Usage: bustools allowlist [options] sorted-bus-file
Options:
-o, --output File for the on-list
-f, --threshold Minimum number of times a barcode must appear to be included in on-list
--threshold
is a (highly) optional parameter. If not provided, bustools allowlist
will determine a threshold based on the first 200 to 100,200 records.
capture
bustools capture
can separate BUS files into multiple files according to the capture criteria.

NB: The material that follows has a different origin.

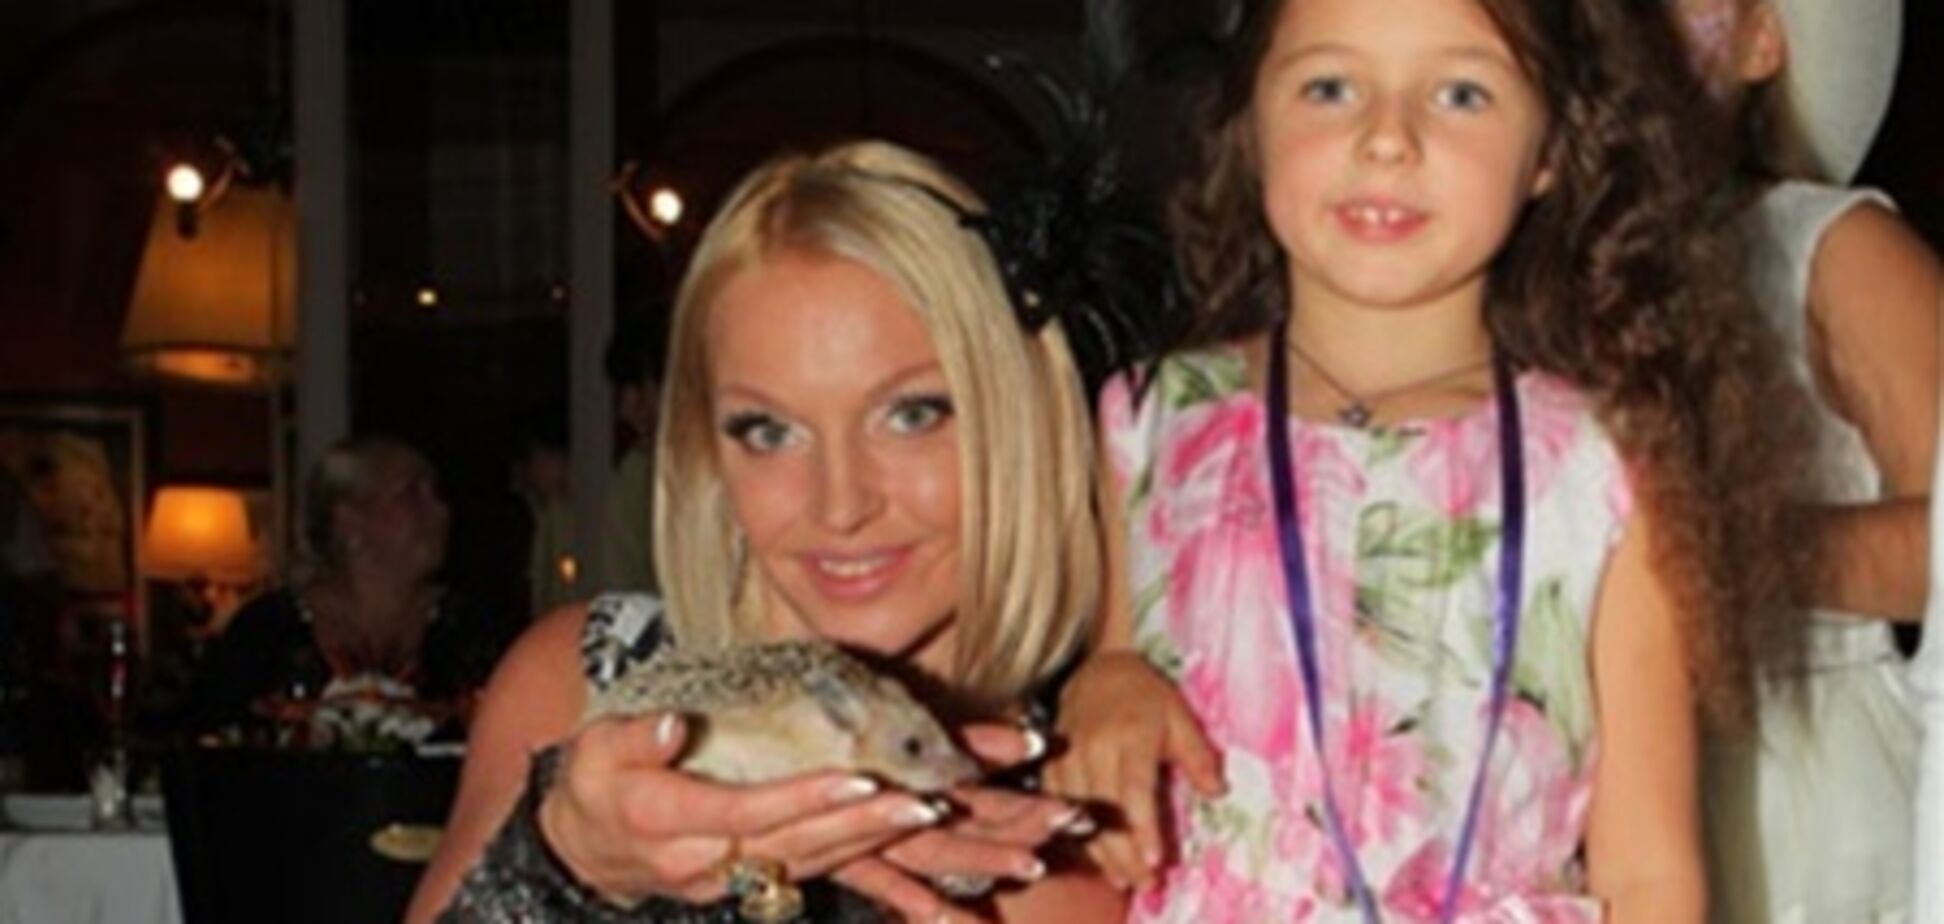 Дочь Волочковой освободила няню после ограбления дома

Usage: bustools capture [options] bus-files
Options:
-o, --output Directory for output
-c, --capture List of transcripts to capture
-e, --ecmap File for mapping equivalence classes to transcripts
-t, --txnames File with names of transcripts
text
BUS files can be converted to a tab-separated format for easy inspection and processing using shell scripts or high level languages with bustools text
.
> bustools text
Usage: bustools text [options] bus-files
Options:
-o, --output File for text output
fromtext
Converts a plaintext tab-separated representation of a BUS file to a binary BUS file.
> bustools text
Usage: bustools text [options] bus-files
Options:
-o, --output File for text output
compress
Compresses a sorted BUS file.
> bustools compress
Usage: bustools compress [options] sorted-bus-file
Note: BUS file should be sorted by barcode-umi-ec
Options:
-N, --chunk-size Number of rows to compress as a single block
-o, --output File to write compressed output
-p, --pipe Write to standard output.
Reference for bustools compression:
Einarsson, P and Melsted, Páll BUSZ: compressed BUS files, Bioinformatics, 2023.
decompress
Decompresses (inflates) a compressed BUS file.
> bustools compress
Usage: bustools compress [options] sorted-bus-file
Note: BUS file should be sorted by barcode-umi-ec
Options:
-o, --output File to write decompressed output
-p, --pipe Write to standard output.